This is exactly what happened to John and Susan Barrett during their vacation to New Zealand in late January. The Scottish couple arrived at the Wellington train station by bus and jumped into the first cab off the rank. Everything seemed normal. The driver had identification and the cab had a sign. It took about five minutes to reach their accommodation, and when they did, Barrett paid the fare with his preloaded Travelex card. It was less than $10 NZD (approximately $6.80 USD).
It wasn’t until the card was declined at the grocery store that evening that the couple realized something was wrong.
“I checked my online statement and balance and discovered that the taxi journey had cost me $930 NZD (approximately $630 USD), which clearly wasn’t right,” he said.
This realization was the beginning of a week-long adventure, and not the kind New Zealand advertises to attract tourists. Barrett didn’t have a receipt, and calls to local cab companies all hit a dead end. As for Travelex, Barrett said they told him he had to contact the company himself, despite him explaining he couldn’t track them down.
Why was it so hard to find the cabbie? John Hart, New Zealand Taxi Federation executive director, explained there’s no overarching umbrella agency with a list of cab drivers, thanks to deregulation of the industry over the last 30 years. Still, if Barrett’s cab had been part of one of the more legitimate cooperatives, the process would have been much easier.
“With the established taxi companies, they have dispatch systems which link the cars to a control room,” Hart said. “They would have been able to go to the system and say what cars were around at that hour.”
Luckily, Barrett’s story has a happy ending: Following an article in a New Zealand newspaper, the driver in question got in touch and refunded the money. But it took over a week to get that refund, and a whole lot of stress. Barrett still doesn’t know if the charge was an honest mistake or a scam.
Of course, the issue isn’t isolated to New Zealand. Recently in Paris, two Thai tourists were locked in a car with the driver demanding they pay €247 (approximately $280 USD) — about five times the typical rate from the airport, the BBC reported. And just last month, in Bangkok, a pair of teenagers were charged more than double the normal rate, according to the Bangkok Post. Of course, there are many more incidents we never even hear about.
So what are some common taxi scams, and how can you avoid them?
Know Your Fare and Route
On a trip to Egypt, Australian traveler Leanne Collins’ hotel organized a car to take her from Luxor to Cairo. As soon as they were around the corner, the driver insisted he use the meter, even though the hotel already told her the fare. Collins was using Google Maps to follow their journey, and eventually pointed out to the driver that they were going too far north of their destination.

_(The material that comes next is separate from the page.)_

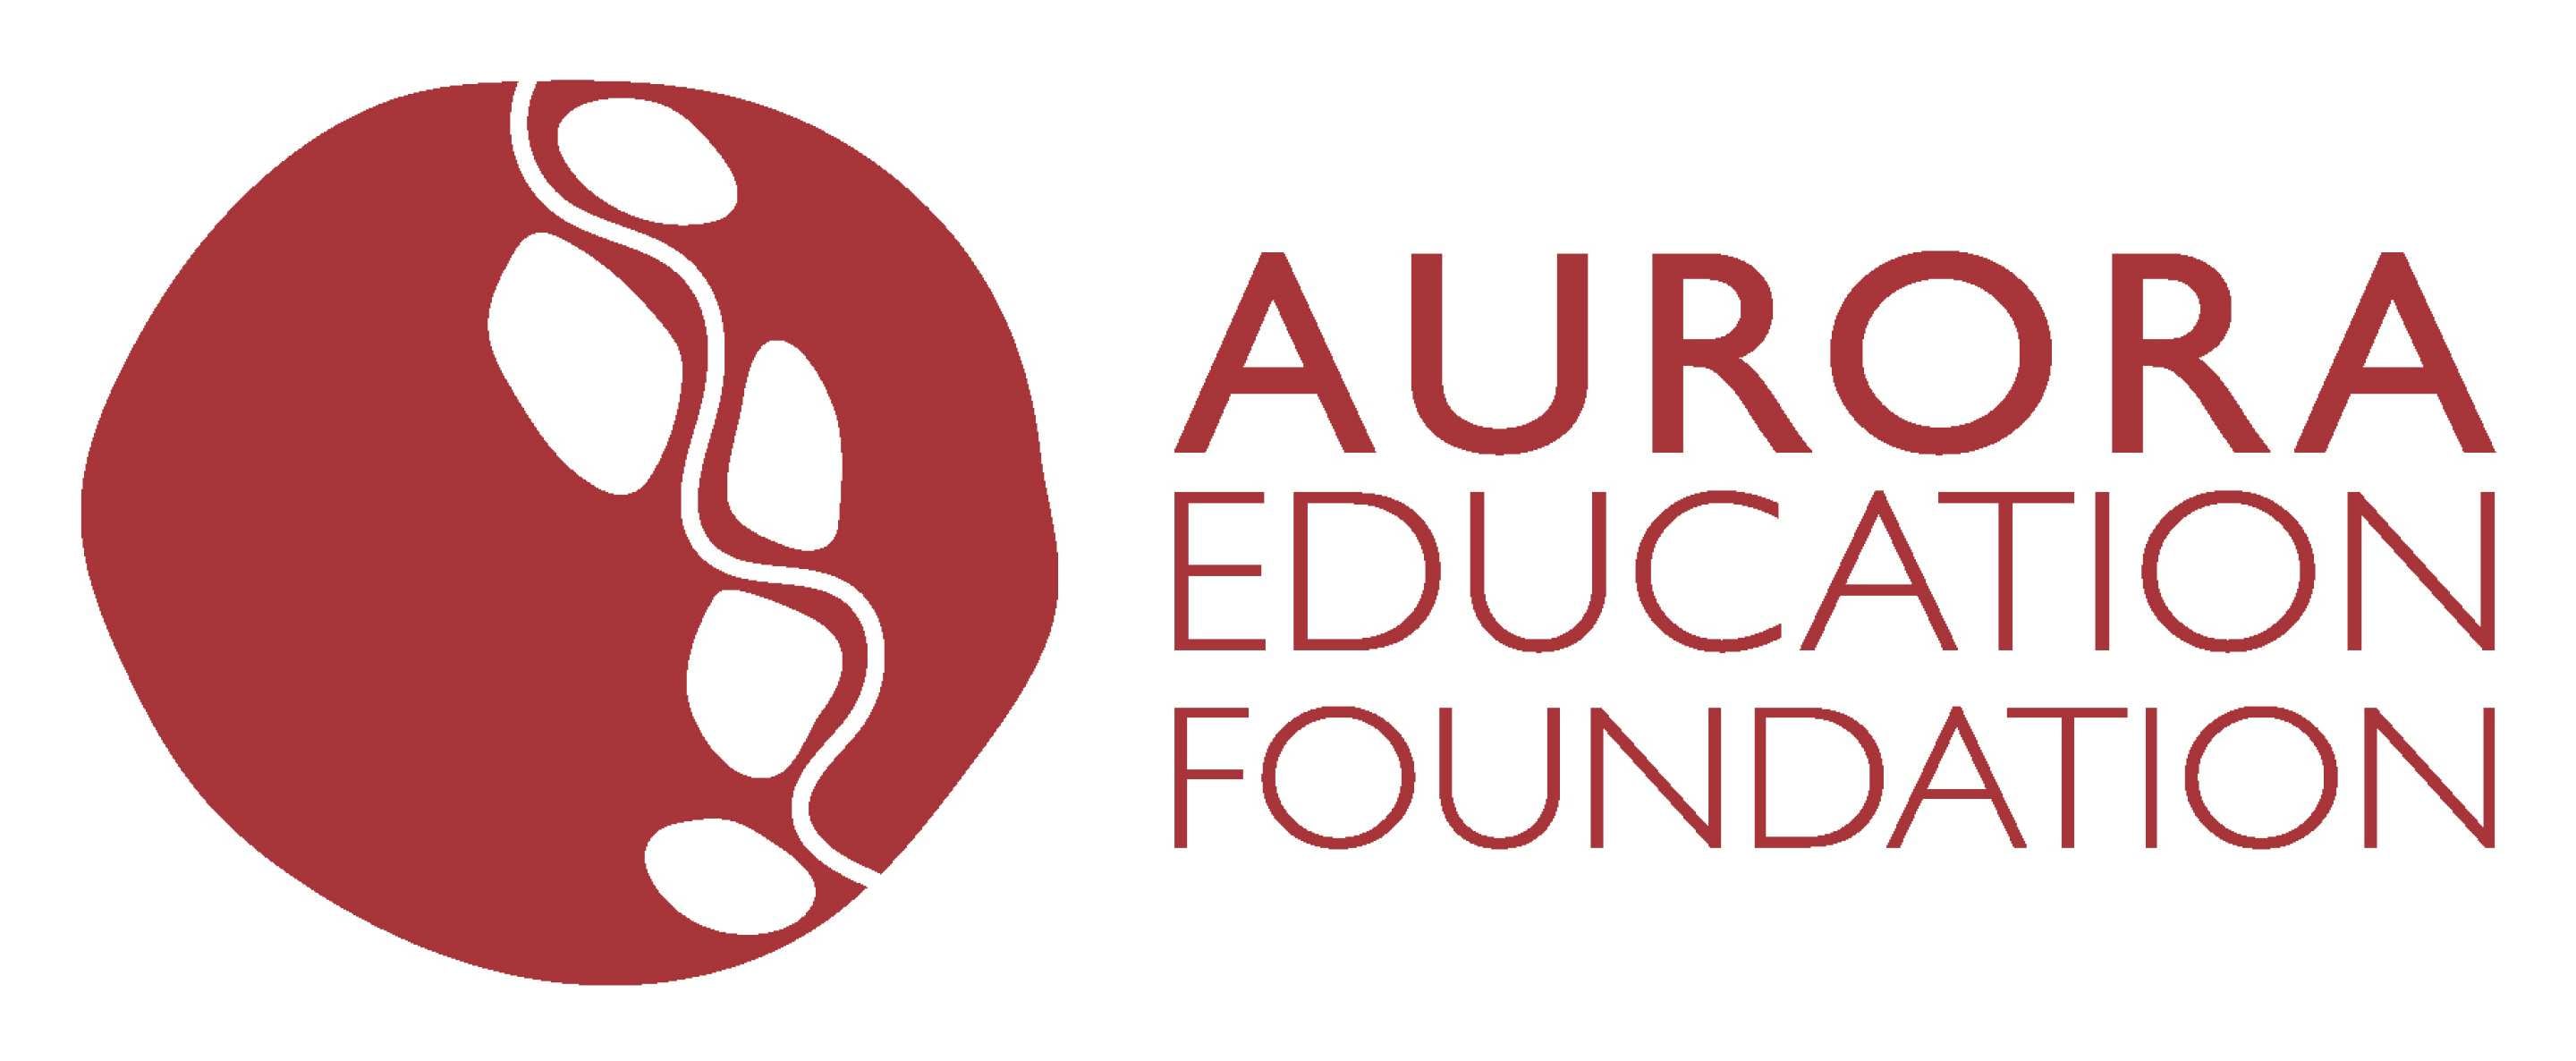 Aurora Education Foundation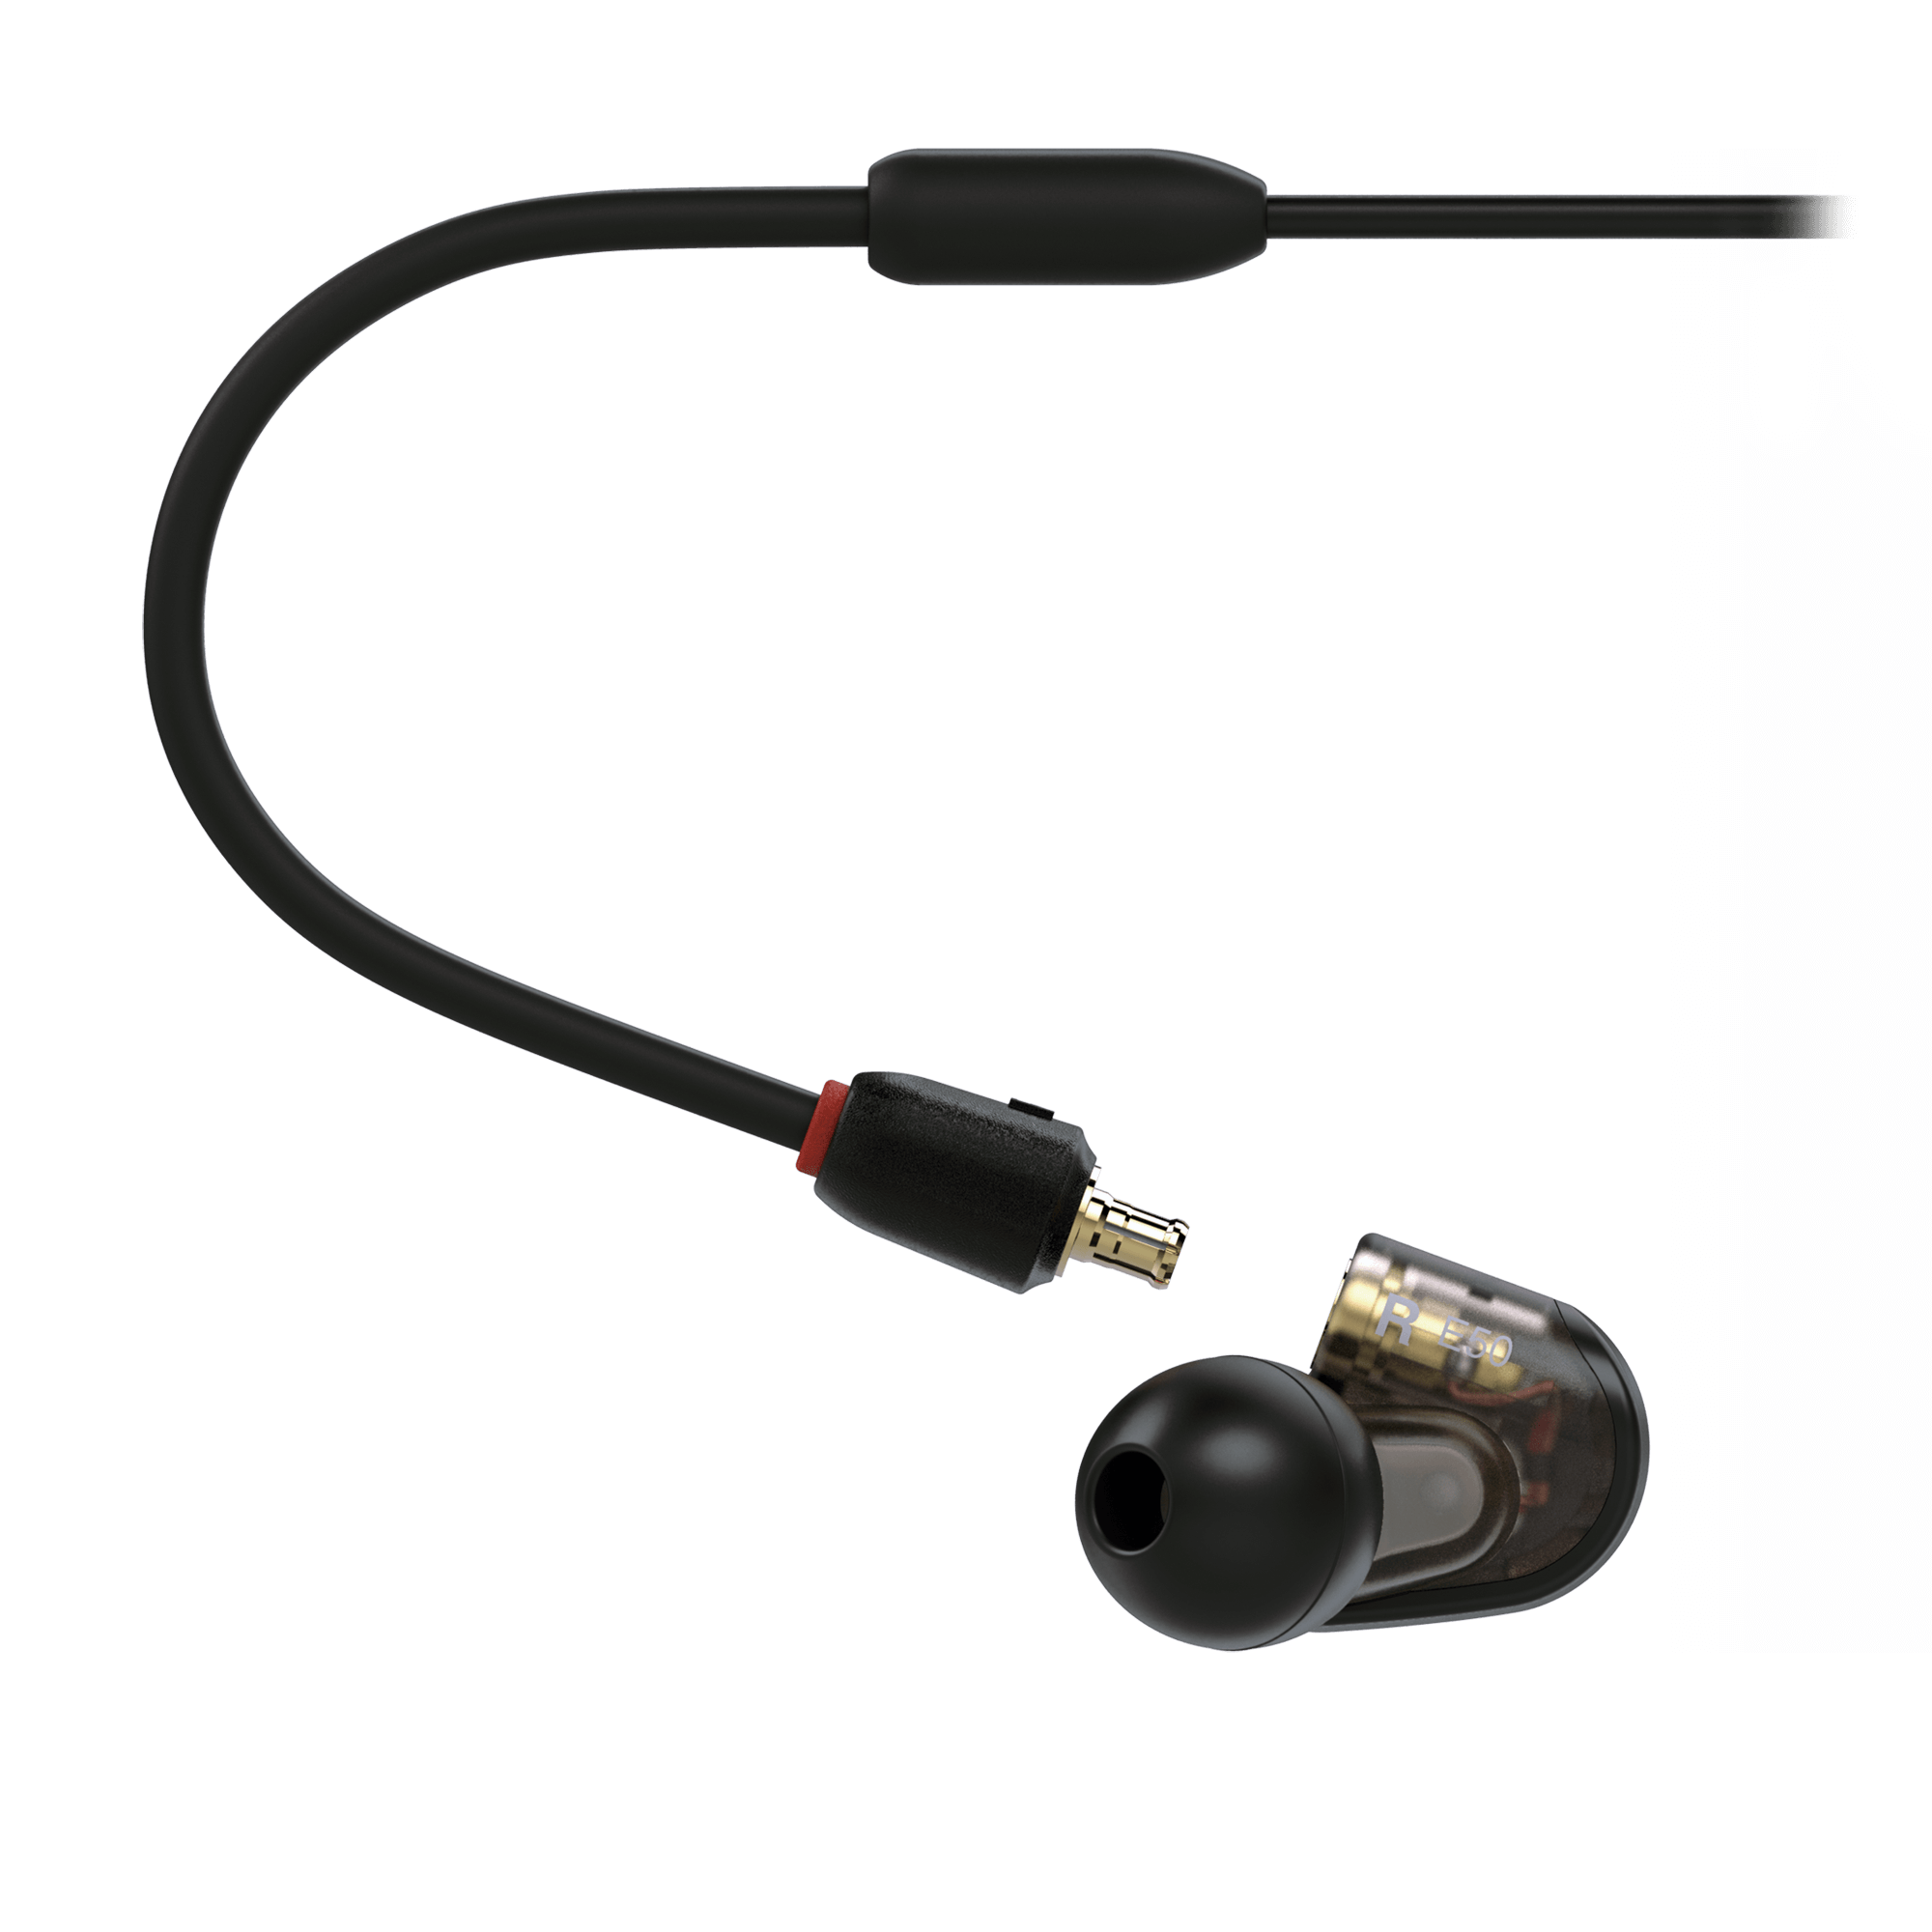 Audio Technica ATH-E50 - In-ear Monitor Headphones

“He then told my husband that, as the meter was now at double the agreed price, if he agreed to pay, he would turn the meter off,” she said.
Luckily, the hotel called during their trip to check in, so she stood up for herself and paid the agreed fare. She was also smart to follow along on her map: if the fare hadn’t been set, she may not have noticed her driver was taking the long way.
The best way to avoid getting scammed is simply to know what to expect — how much should a cab from the airport cost, and are there common local scams? How long should your trip take, and are metered fares the standard? Do a quick Google search before you go, and ask at the airport or hotel when you arrive.
Check the Exchange Rate
In Barrett’s case, it’s possible the driver may have mistakenly put the decimal point in the wrong place. While that could happen anywhere, some exchange rates make it easier to pull off intentionally than others.
For example, 1,000 Korean Won is worth approximately $0.88 USD, and 10,000 Won makes sense for a short cab ride — it’s about $8.80. But if a cab driver tells you the fare is 100,000 won, it’s easy to get mixed up and end up paying $88 USD for the ride.
Before your trip, download a currency converter app like the one by OANDA to avoid this kind of mix-up.
Use a Trusted Card or Carry the Right Change
Barrett found Travelex unhelpful, but customers using cards associated with their own banks (ones without foreign transaction fees, of course) will likely have an easier time stopping a pending payment. It’s also likely your credit card offers some protection and flags suspicious activity before even processing a charge.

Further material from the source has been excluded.